Peindre les Space Marines
Adrian Wood
Games Workshop
How to paint Space Marines sort en 2004. Si vous êtes allergique à la langue de Shakespeare, rassurez-vous, le bouquin n’est pas rédigé en anglais élisabéthain mais en anglais moderne. Il existe aussi en français sous le titre Peindre les Space Marines ou Comment peindre les Space Marines selon les éditions.
En 2026, quand il existe tant de tutos en vidéo pour la peinture, un livre papier a-t-il encore de l’intérêt ?
Je dirais que ça dépend des bouquins et ça dépend aussi de votre situation en peinture.
Si vous partez de zéro, débutant complet qui n’a jamais touché une figurine ni un pinceau, ce genre de guide peut vous aider à mettre le pied à l’étrier. Il passe en revue le matos de base (pinceau, pinces, colle…), ainsi que les différentes techniques et étapes de peinture depuis la sous-couche à la bombe jusqu’à la micro touche de lumière sur un coin de spallière. Donc un bon point de départ pour vous équiper et voir le chemin qui vous attend. Sa lecture permet aussi d’acquérir le vocabulaire propre à ce hobby.
Plutôt que celui-ci qui est déjà tourné vers un domaine précis et léger sur la technique, préférez Peindre les figurines Citadel qui reste un guide de démarrage très valable.
Vu qu’on a les notices fournies dans les boîtes, la partie dédiée au montage des figurines n’est pas intéressante.
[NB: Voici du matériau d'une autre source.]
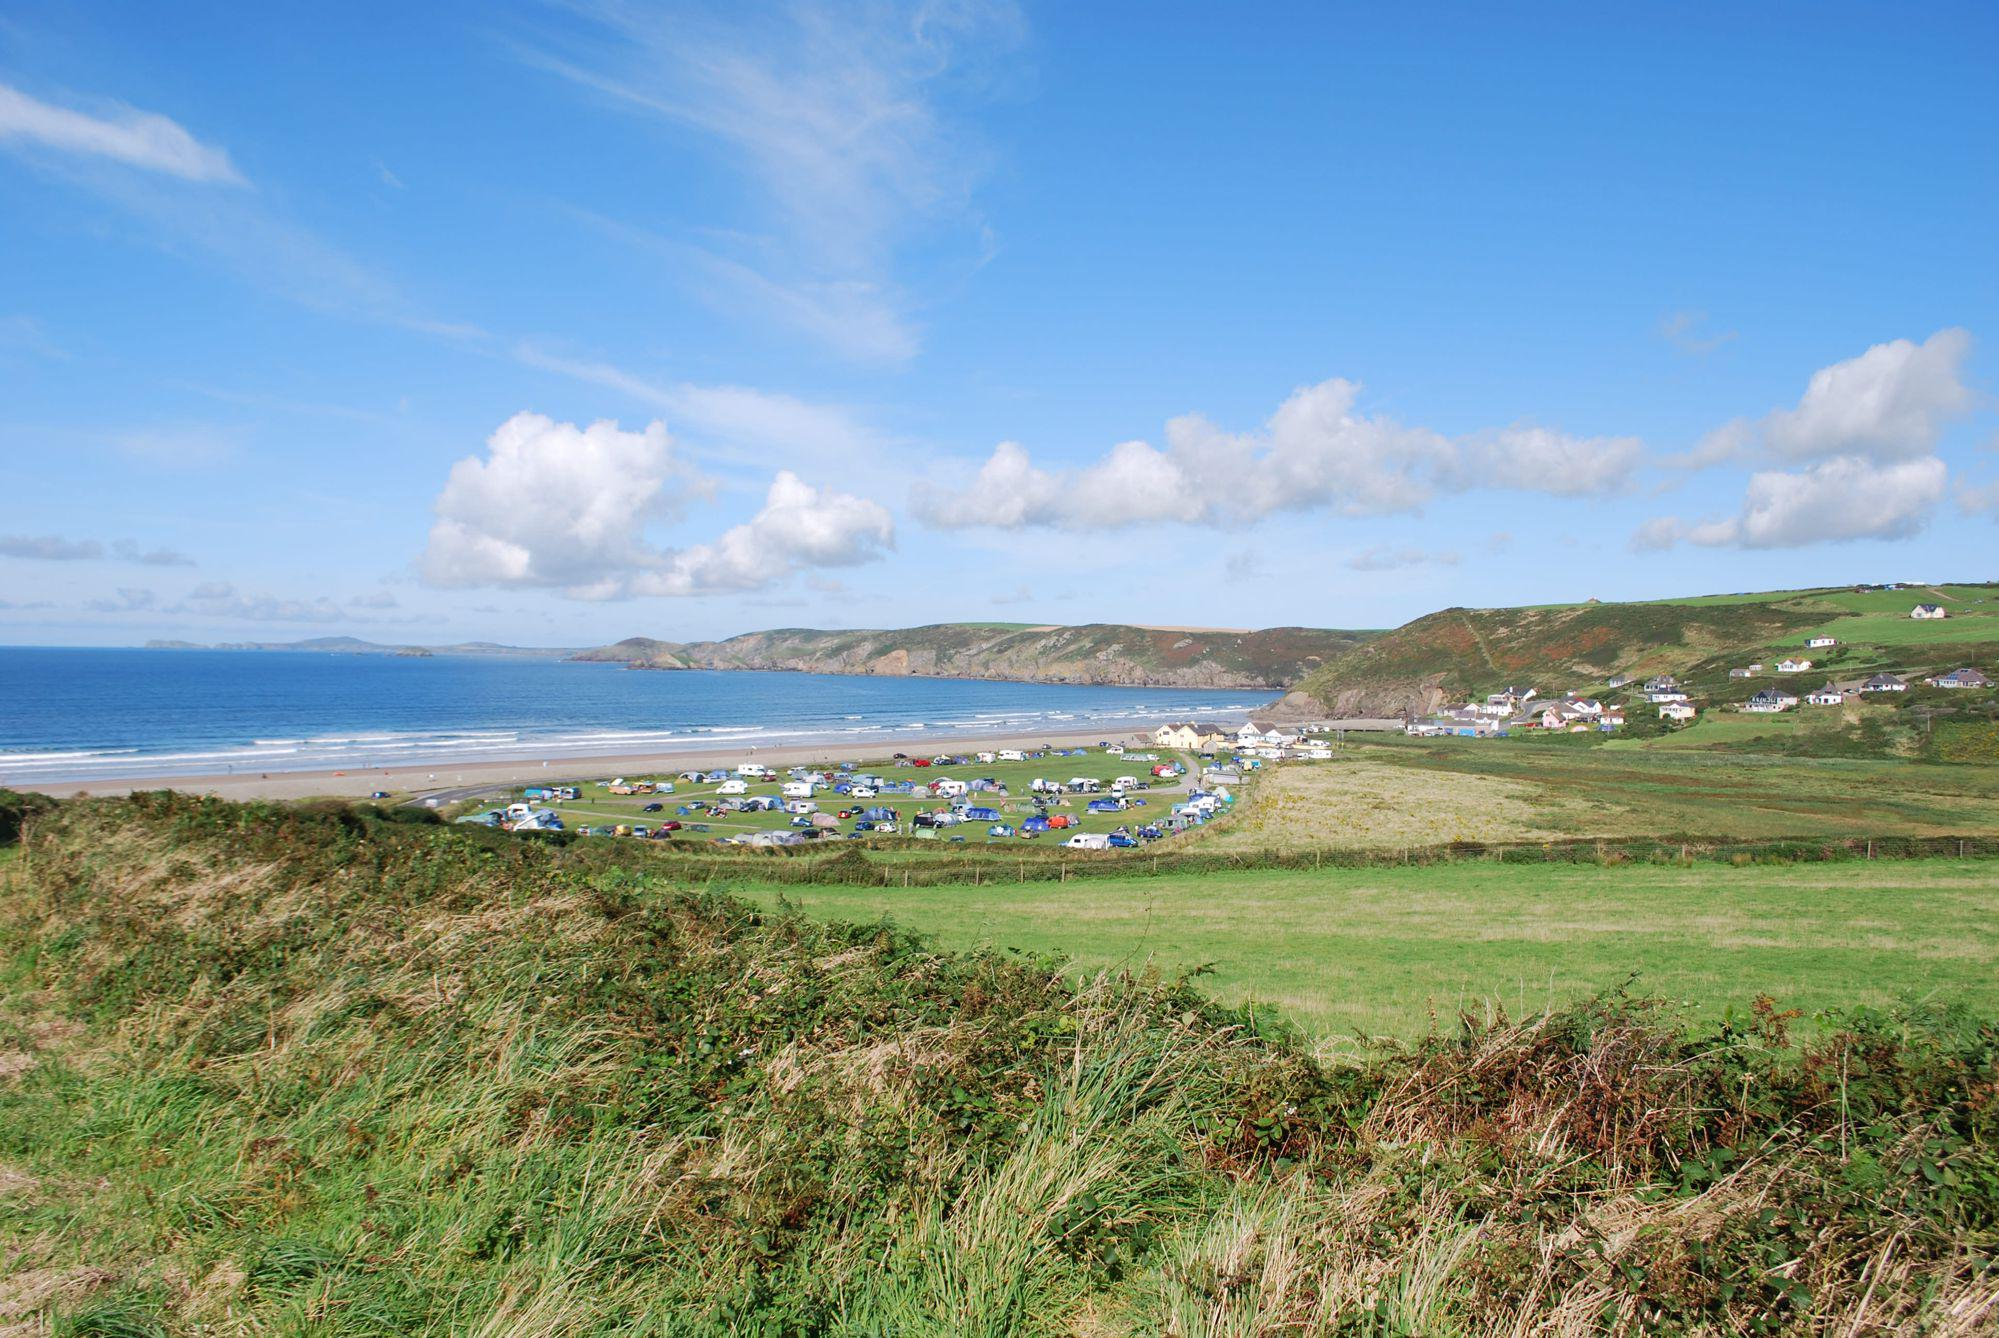 Newgale Camping | Best campsites in Newgale, Pembrokeshire

Elle aurait gagné à moins enfoncer des portes ouvertes (comme coller ensemble les différents éléments de la fig, merci, on n’aurait pas deviné) et à insister davantage sur l’étape préliminaire de lavage et ébarbage, trop vite survolée.
Les quelques pages dédiées aux conversions partaient d’une bonne intention et loupent le coche, pas assez généralistes, trop focalisées sur un seul et unique exemple.
C’est après qu’on entre enfin dans le vif du sujet : les Space Marines de Warhammer 40,000. Et là, ce manuel reste d’actualité et aussi bien les peintres confirmés que les néophytes pourront y trouver leur compte. Ultramarines, Blood Angels, Dark Angels, Black Templars et Space Wolves occupent une petite cinquantaine de pages couvertes de figurines : marines tactiques, Terminators, chapelains, escouades d’assaut, scouts, véhicules… Si tous les schémas de couleurs de toutes les unités ne sont pas passés en revue, il y a quand même déjà de quoi faire. Les autres chapitres auront droit à un traitement bien plus rapide – cinq figurines chacun –, que ce soit ceux de la Première fondation, les chapitres successeurs ou certaines formations spécifiques (Chevaliers gris, Légion des Damnés, Deathwatch).
Le dernier segment couvre la création d’un chapitre maison. Cette boîte à outils est très détaillée sur ce qui touche au schéma de couleurs, au nom et à l’héraldique, lacunaire sur le reste (histoire, organisation, tactiques de combat). À la fois très bien et très incomplet sur ce sujet, donc.
À l’arrivée, on se dit que le titre est un peu trompeur. Le “comment” n’est pas tant à prendre comme un “quelle technique” mais plutôt “quelle couleur”. Le but de ce guide est d’abord de présenter les schémas de couleurs des chapitres et pas trop d’expliquer les méthodes pour les appliquer (brossage, lavis, glacis…), ce qui tire son intérêt vers le bas alors qu’il aurait pu être exhaustif sur la question avec une poignée de pages supplémentaires. À prendre comme un nuancier plus qu’un tuto.